Using only the entries below, copy exactly the lines that begin at the one with "Luxury Pleasure Pain" and end at the one with "Large Early 21st", both included. Drop the pictures.

→ MATERIAL SHOWN:
-- Opening Marker --
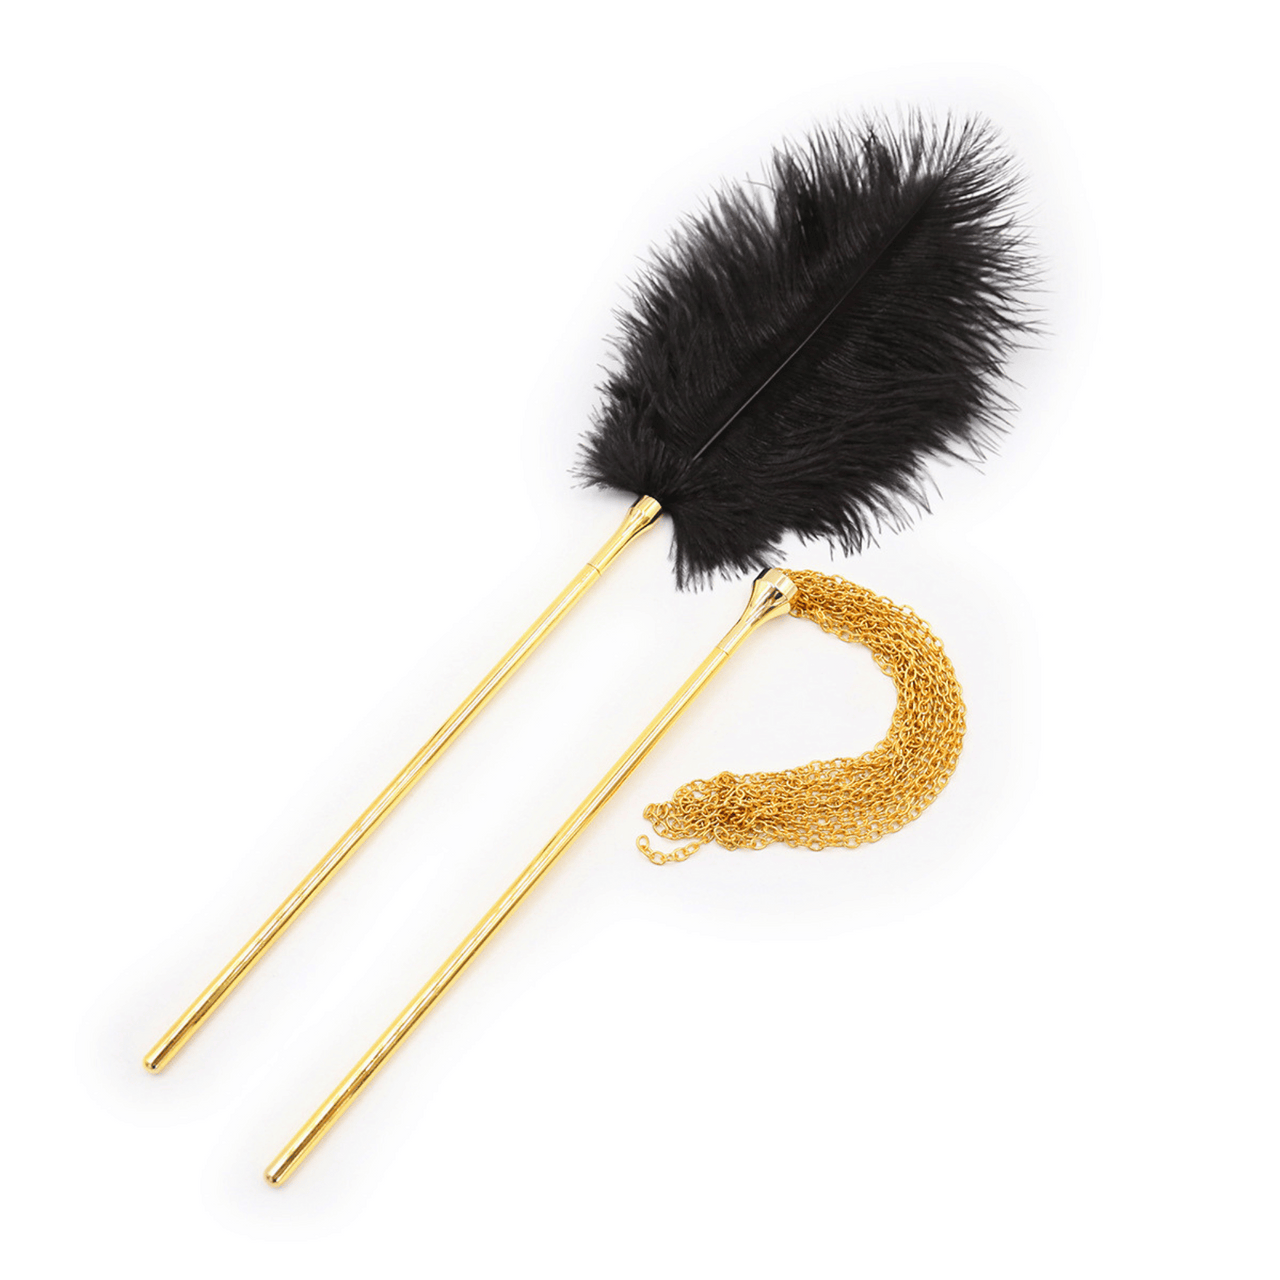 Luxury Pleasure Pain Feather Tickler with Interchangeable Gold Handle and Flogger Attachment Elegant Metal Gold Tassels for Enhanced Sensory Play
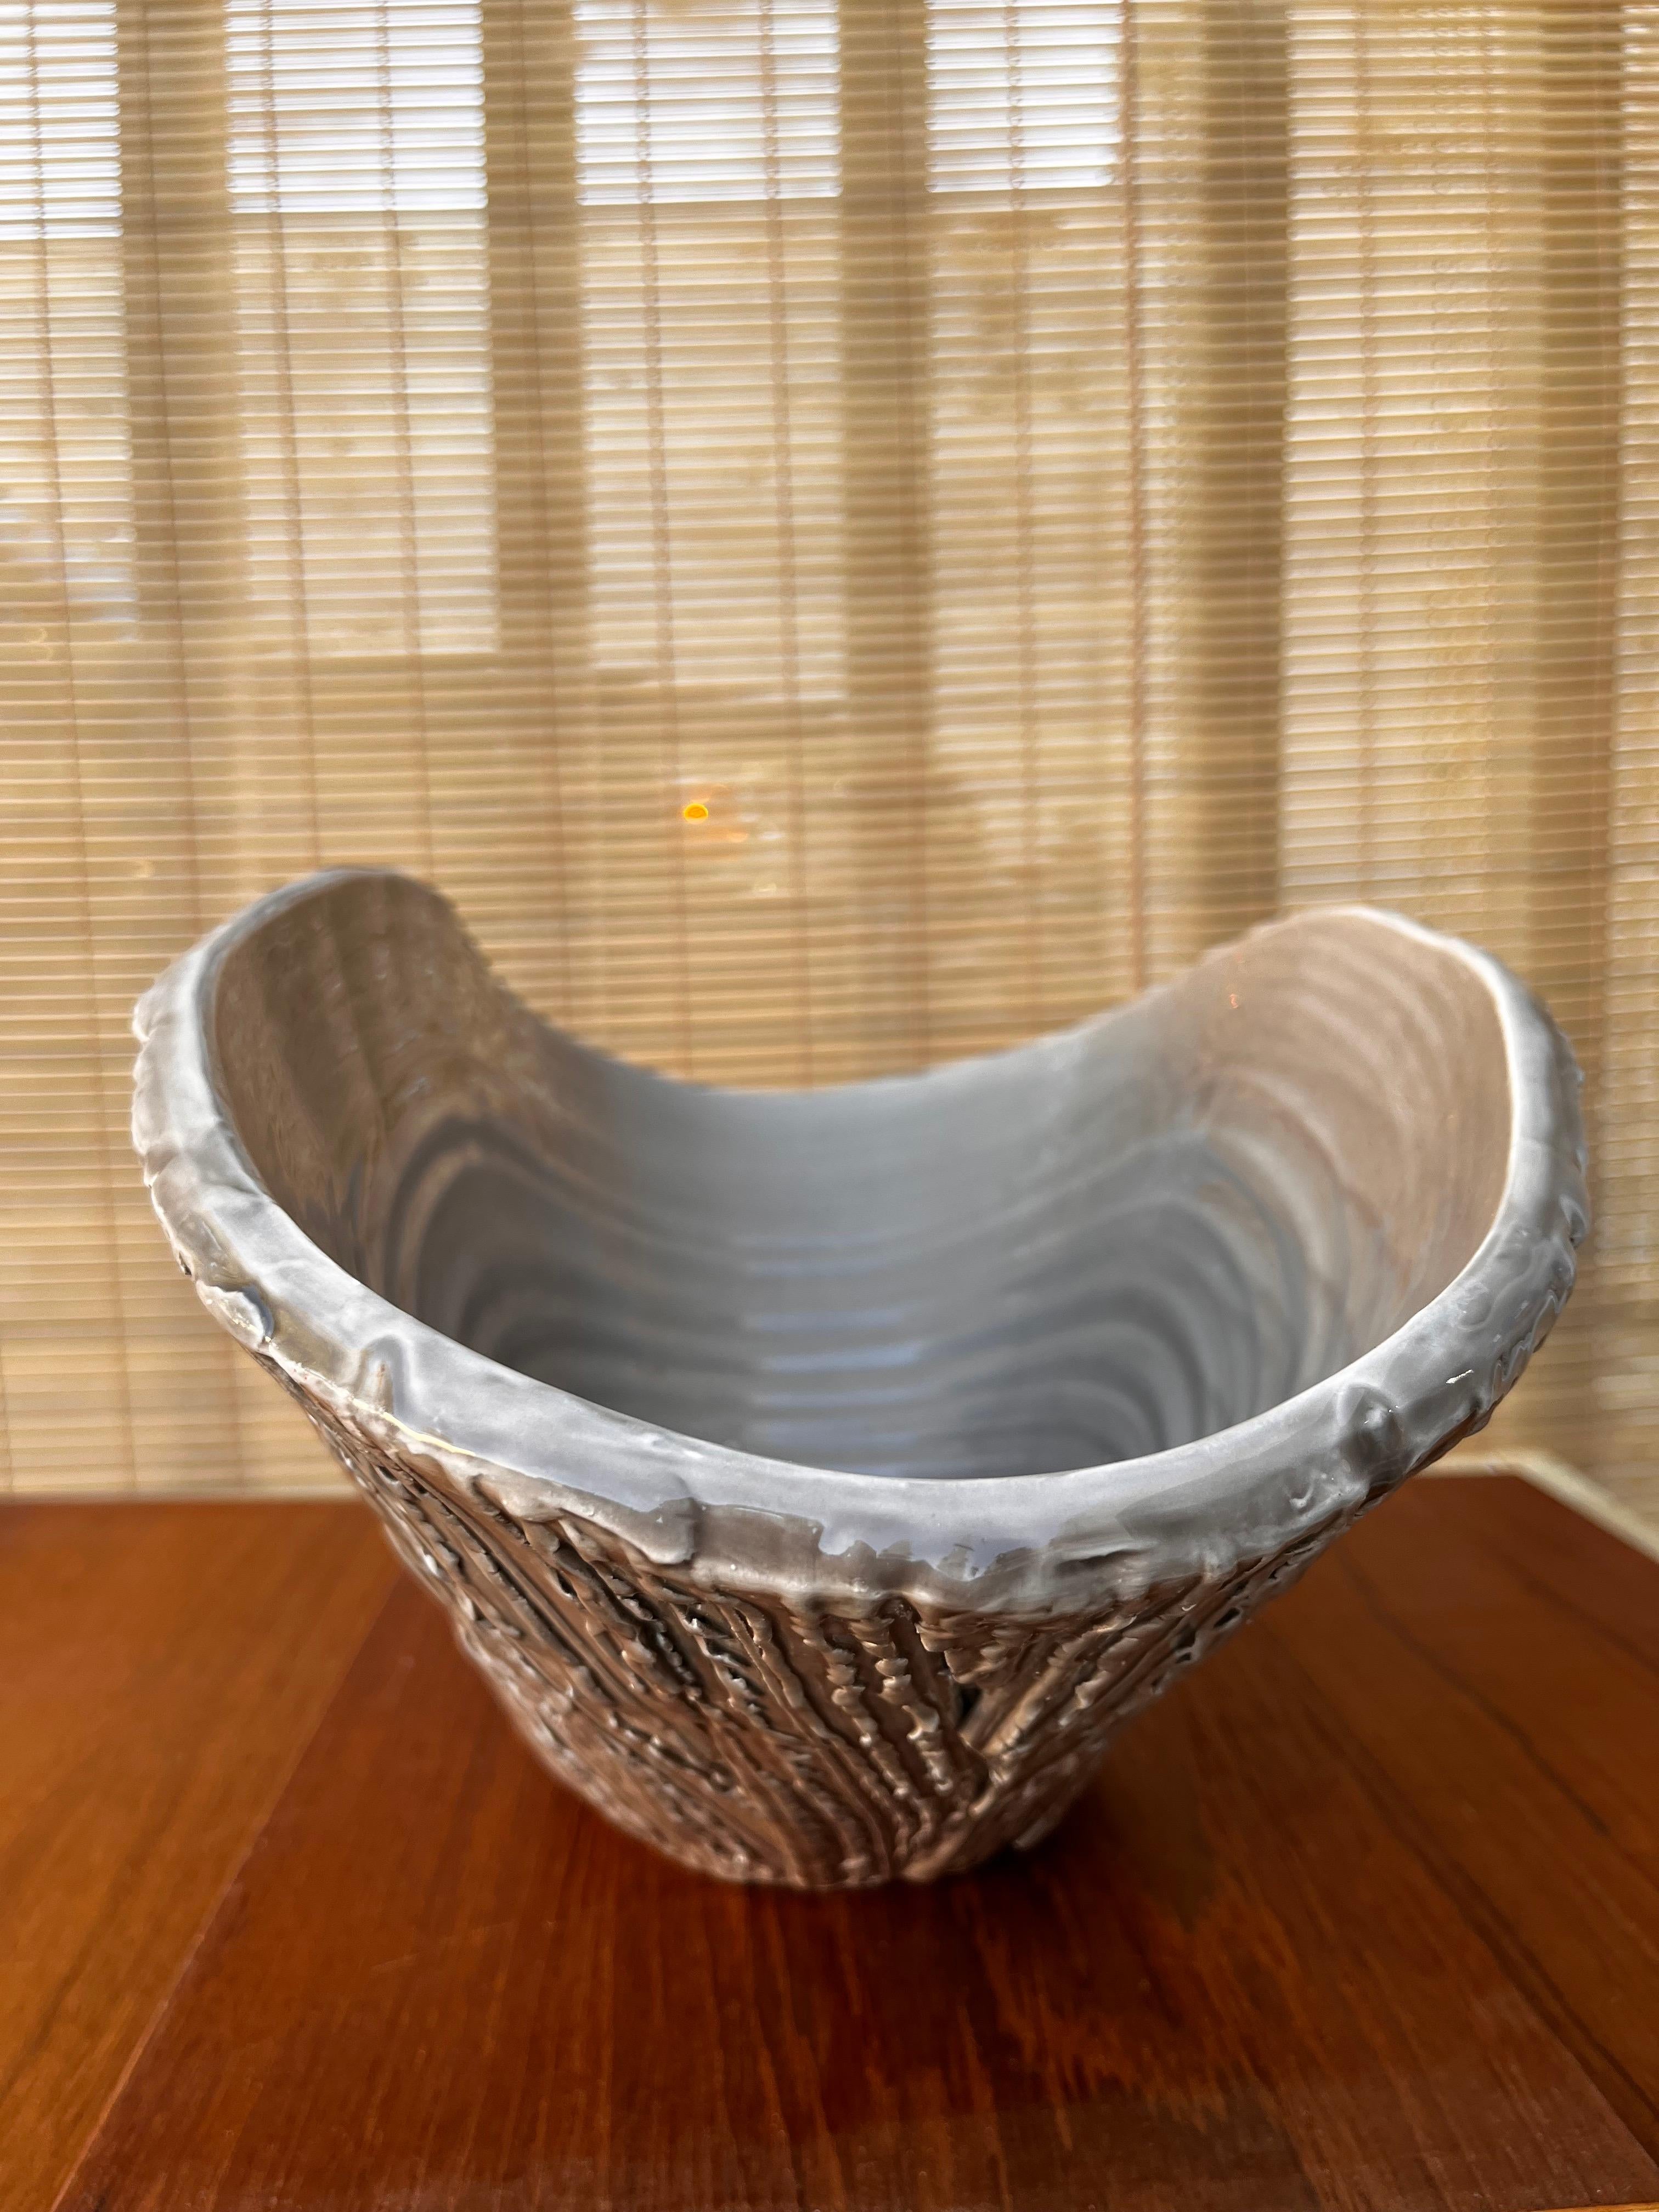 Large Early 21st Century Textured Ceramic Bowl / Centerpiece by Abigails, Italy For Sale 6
-- Closing Marker --
-- Opening Marker --
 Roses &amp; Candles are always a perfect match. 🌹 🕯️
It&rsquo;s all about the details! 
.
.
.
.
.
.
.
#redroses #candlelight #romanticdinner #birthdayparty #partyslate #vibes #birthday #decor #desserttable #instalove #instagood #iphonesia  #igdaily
-- Closing Marker --
→ EXERCISE SOLUTION:
 Luxury Pleasure Pain Feather Tickler with Interchangeable Gold Handle and Flogger Attachment Elegant Metal Gold Tassels for Enhanced Sensory Play
 Large Early 21st Century Textured Ceramic Bowl / Centerpiece by Abigails, Italy For Sale 6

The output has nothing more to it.